I have a few tanks that have Java moss and riccia in them and I have to get in there and shake them like a rug to knock the debri out of them. I have seen pics of the show tanks and how pristine they look. What is the best way to keep the debri from collecting? I am afraid to use a gravel vac, I would probably vacuum evre up trying to get the stuff out.ything else


----------



## Rennuke (Oct 8, 2011)

I don't know much about plants but I'm interested in adding some so I'd like to see how people respond to this. By the why I don't know if it would make TO much difrents but are you referring t olive or artificial plants ?


----------



## Kehy (Apr 19, 2011)

I have a fairly well planted tank, same problem though. I do use a gravel vac (a very gentle one, just airline tubing) but I still have debris piling up too.


----------



## susankat (Nov 15, 2008)

Hover above it about an inch or 2 then use other hand to kind of move it around


----------



## jrman83 (Jul 9, 2010)

Good luck. Show tanks don't stay in show form for very long. Everybody does an extra special job of cleaning bfore they take pics. Moss collects everything.


----------



## beaslbob (May 29, 2009)

The pristine look of the show tanks require a tremedous amount of work.

But for you daily use tank I have a little secret for keeping debris off plants.






ta da




add fish. *old dude



my .02


----------



## Gizmo (Dec 6, 2010)

You could create an army of shrimp, snails, and other bottom dwellers in your tank, which is what many of us medium-skilled tank keepers use. I'm pretty sure Amano shrimp or some other type of shrimp usually inhabit most show tanks (I know they do in the show tanks of my local fish store). Shrimp totally dig moss, and Red Cherry Shrimp are not only great scavengers (though you need a LOT of them), but they are really cool to watch and breed like rabbits.


----------



## Kehy (Apr 19, 2011)

I would love to get more fish and shrimp...but too bad i have a betta that thinks anything living in his tank is fair game. Might try another amano shrimp though


----------



## giddetm (Apr 30, 2011)

Thanks for all the responses, I will try all of them and see what works best for me. So far I have put my hand under the moss and lifted it up and down enough to get the debri floating again and the filter pics it up. I think I will buy a 350 Magnum and hook a gravel vac to the intake and run the return hose back to the tank, that would be easier to clean out than my FX is. I have not done any water changes and the Nitrates are staying at 10 ppm so the plants are doing a pretty good job since I have close to 100" of fish in there.


----------



## Donald Hansen (Jan 21, 2011)

giddetm said:


> I think I will buy a 350 Magnum and hook a gravel vac to the intake and run the return hose back to the tank, that would be easier to clean out than my FX is.

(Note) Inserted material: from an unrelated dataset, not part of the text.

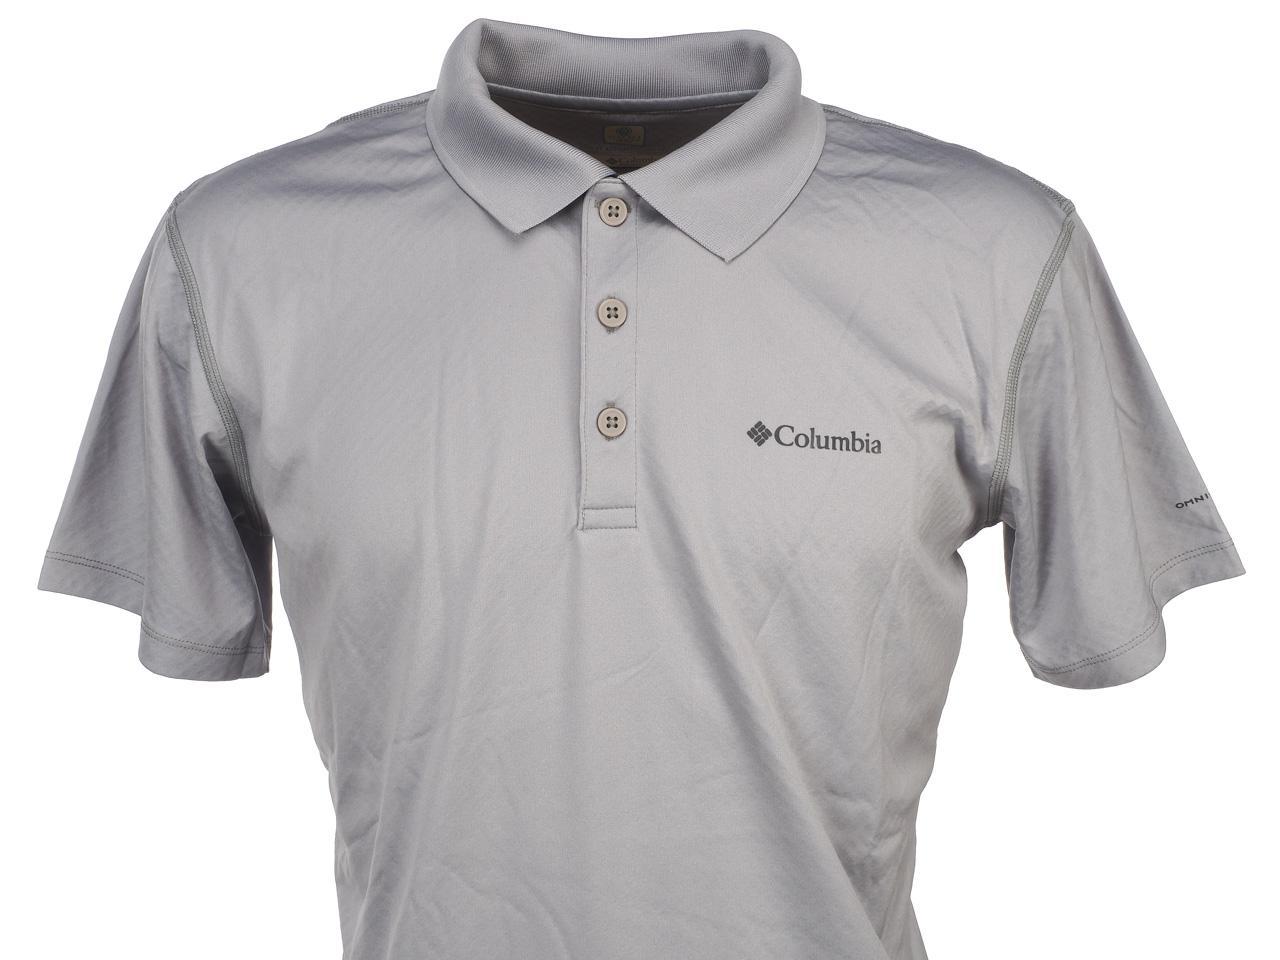 Polo-manches-courtes-Columbia-Zero-rules-grc-mc-polo-Gris-54559-Neuf

I've been thinking of doing something like that. What made you choose the 350 Magnum?

DLH


----------



## giddetm (Apr 30, 2011)

Because they are small and you can put the inline shutoffs on them to cut down on the mess. Do you have a different idea?


----------



## Donald Hansen (Jan 21, 2011)

giddetm said:


> Because they are small and you can put the inline shutoffs on them to cut down on the mess. Do you have a different idea?


Not now, I don't!

I wanted something that I could use to vacuum dirt from the bottom of the tank without losing any water. I looked at those hand and battery operated ones and didn't like them. I was going to try and build something from parts because I didn't think there would be anything for sale that could be easily converted to do what I want. I did a Google on the 350 Magnum family of filters and it appears to be exactly what I want.

Thanks for the info.

DLH


----------



## Gizmo (Dec 6, 2010)

Don't use the quick disconnect shutoff valves in place of turning the Magnum 350 off - if you cut off the inlet with those valves, it will cause the impeller to either stall or airlock, and you stand a very good chance of ruining the motor if you do that. The quick disconnect valves are there for AFTER the filter is turned off so you can, well, quickly disconnect it.


----------